Though less relentless, the milieu recalls Calixto Bieito’s divisive Camino Real on the same stage last spring. The metaphor largely works here, with Shakespeare’s descriptions of a Vienna given over to corruption and carousing by a lax, licentious Duke (James Newcomb). When the Duke hands over the reins to the uptight Angelo (Jay Whittaker), it’s easy to see parallels to Rudy Giuliani. Or, perhaps more pointedly, to Eliot Spitzer: When Isabella pleads for Angelo to spare the life of her brother, sentenced to death for deflowering his lover out of wedlock, Angelo offers to cancel the execution in exchange for the virtuous nun’s virginity.

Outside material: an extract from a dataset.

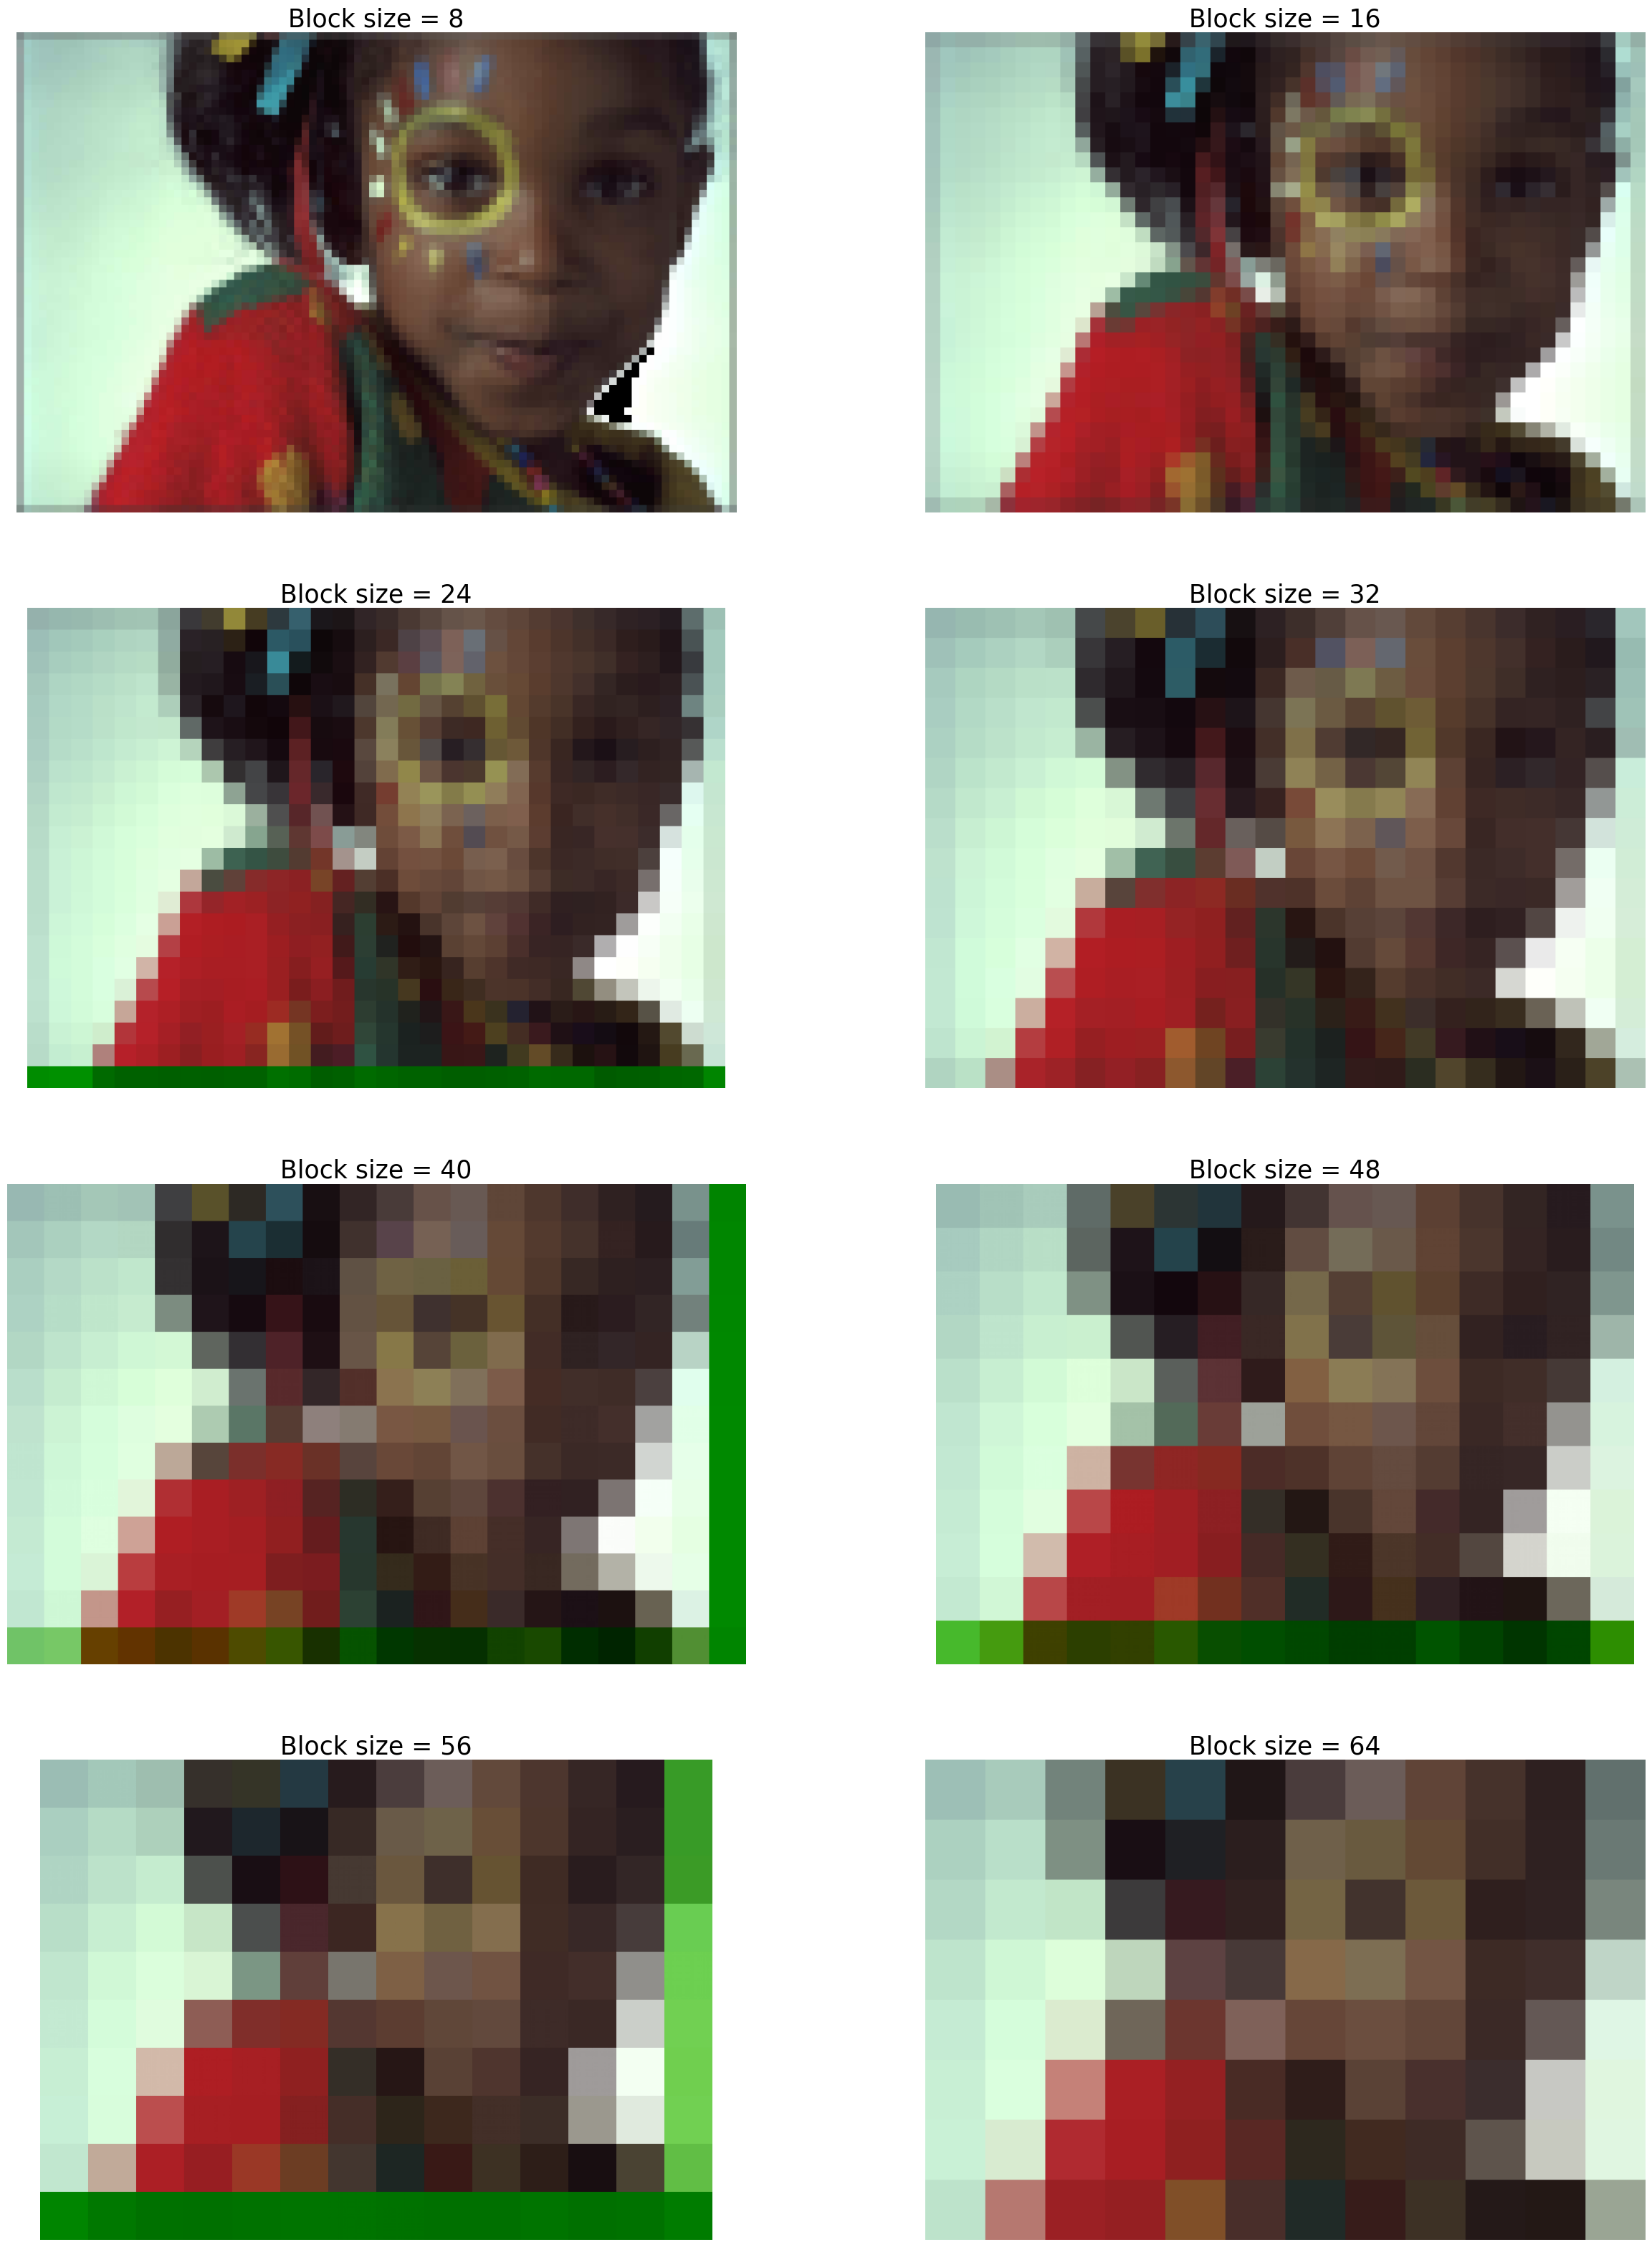 JPEG Compression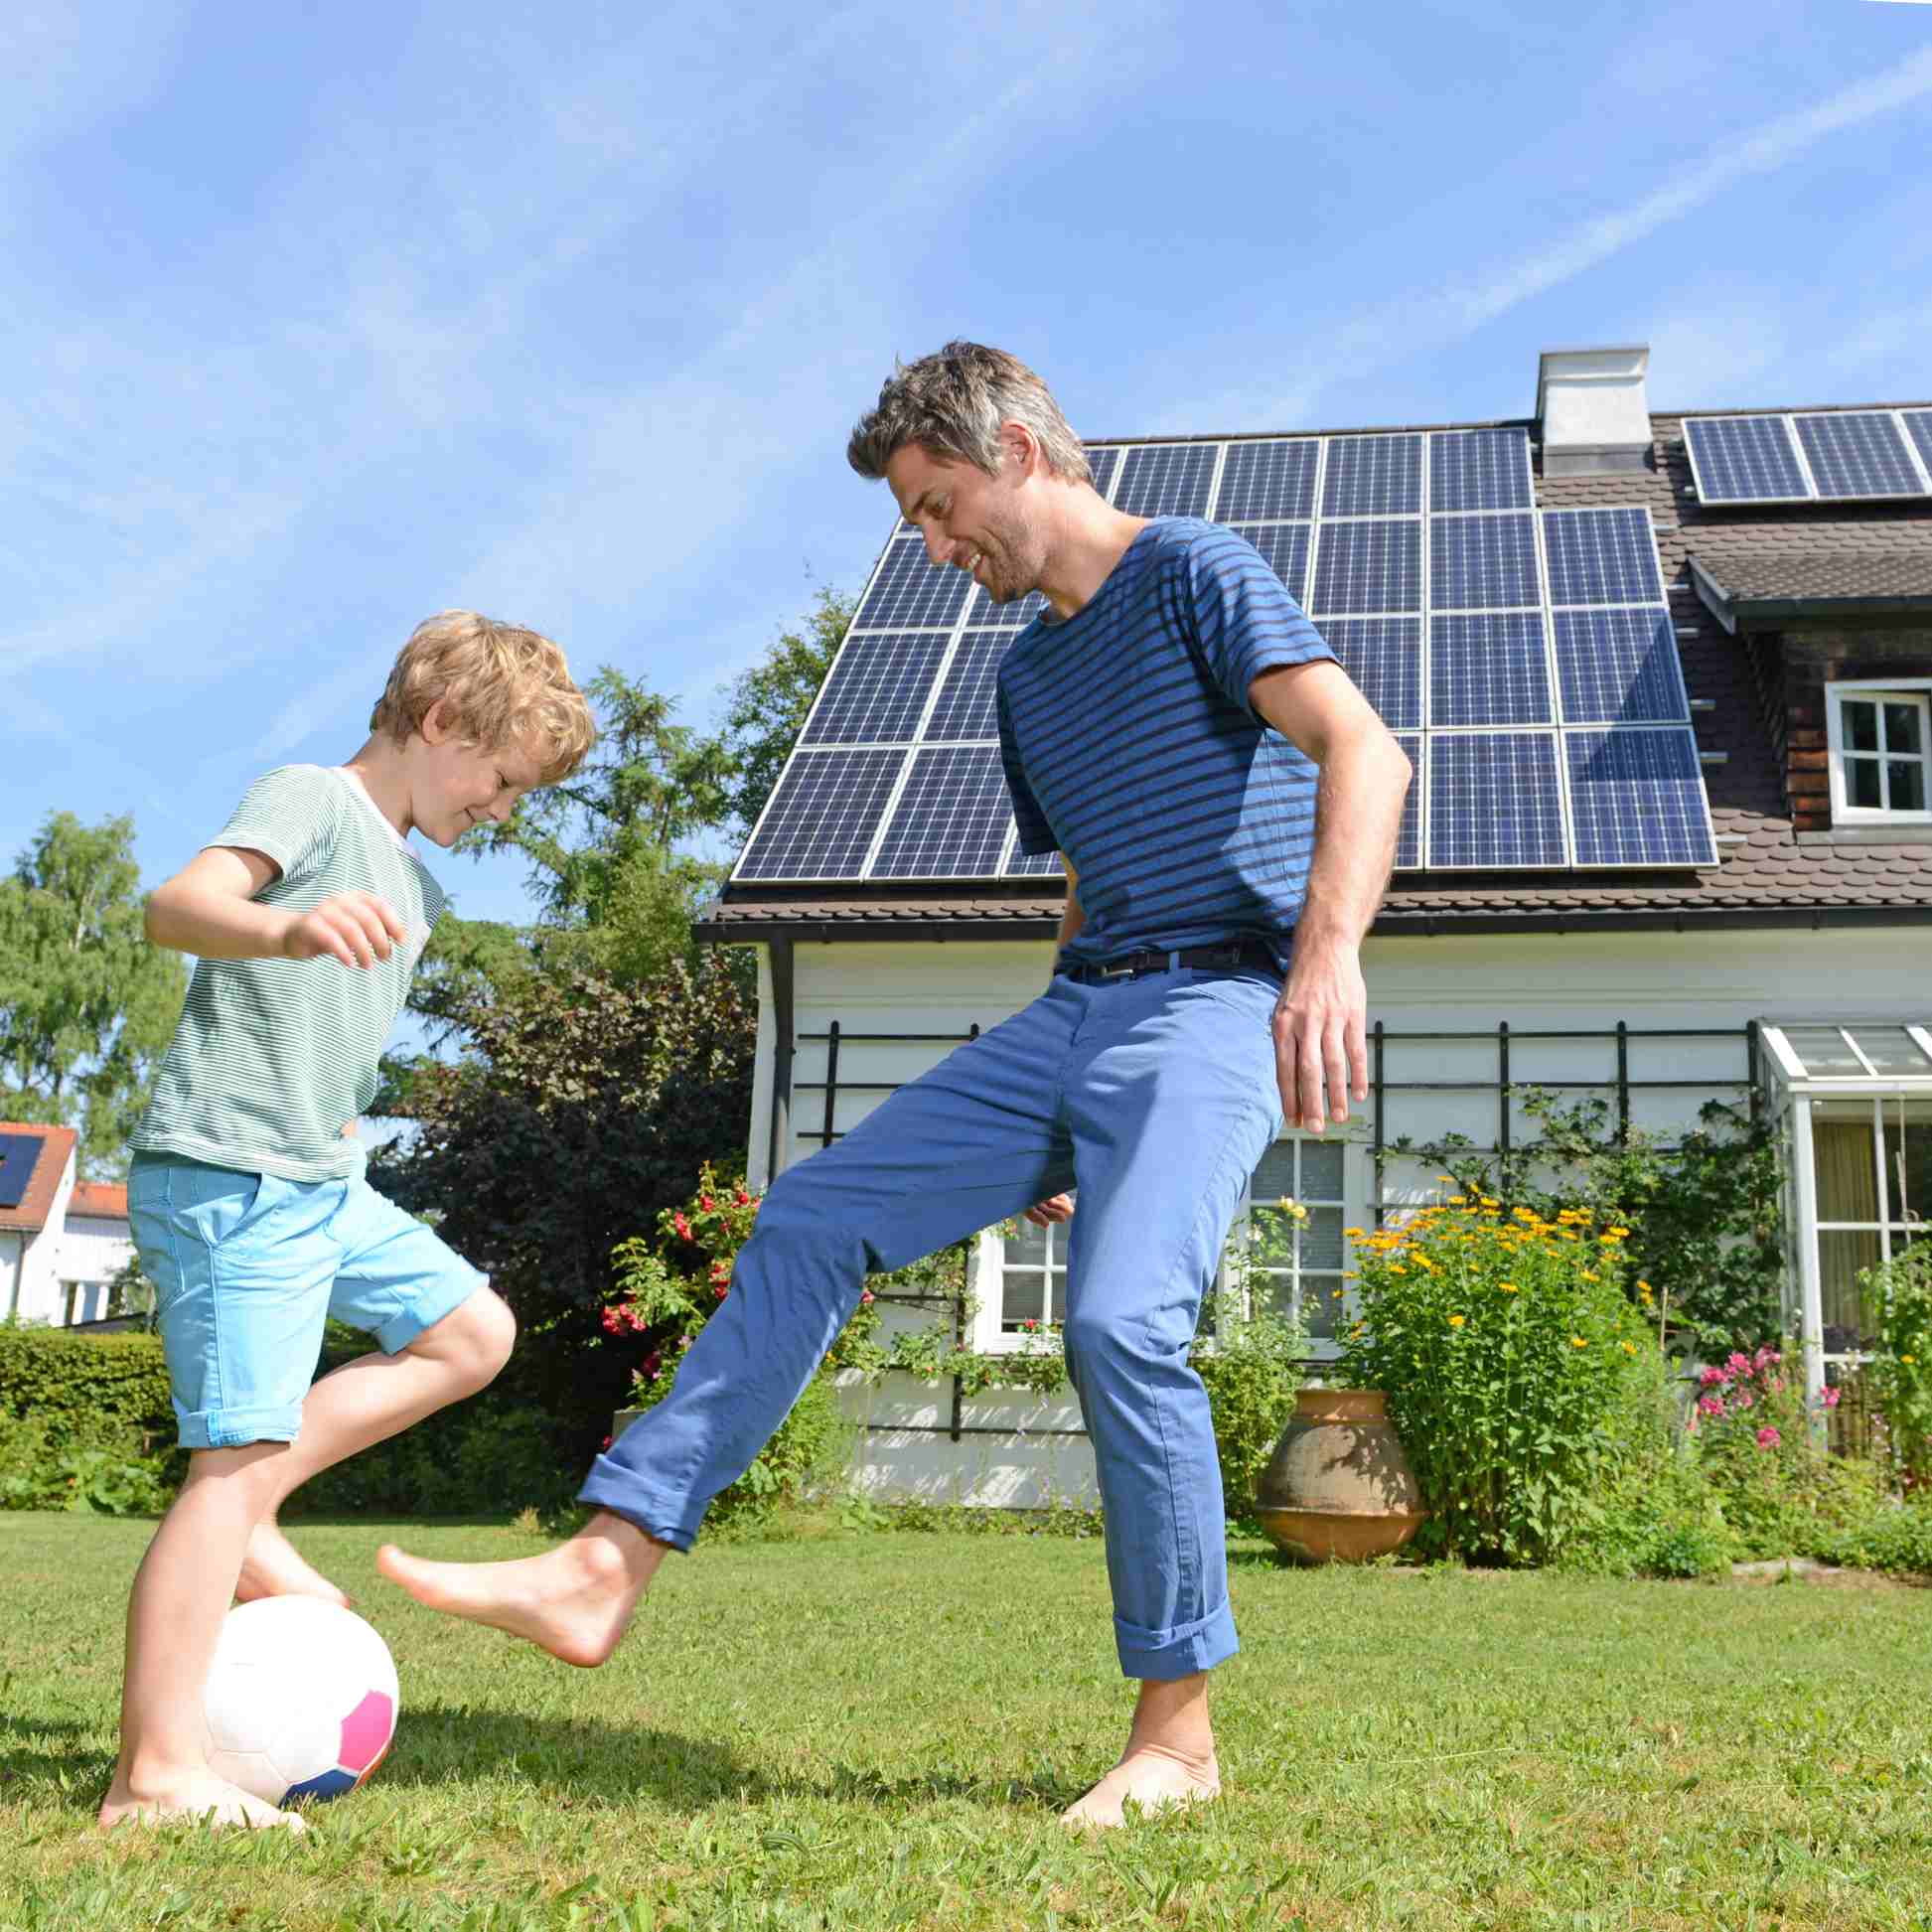 Father and son playing football in garden of solar paneled house virginia beach va

The success of any Measure for Measure—one of the scripts branded, or excused, with the label “problem play”—depends on our having some sympathy for both Angelo’s abuse of power and Isabella’s intractability. Whittaker shows us Angelo’s earnestness in the face of flouted law as well as his struggle with finding shades of gray within himself, while Escalante is compelling in her depiction of Isabella’s steadfast devotion to her calling and her awakening to the world’s disappointments.

But what of the duplicitous Duke, who, disguised as a priest, abandons his duties to interrogate his minions up close and manipulates them for reasons sometimes inscrutable, at other times selfish?

Newcomb remains reasonably charming even as his tampering gets more egregious, but as the final scene wears on, one suspects Falls hasn’t found a satisfactory solution to the ambiguous denouement. Yet it’s the director’s final flourish, in which the Duke’s caprice undercuts Isabella one more time, that will make this production’s most lasting impression.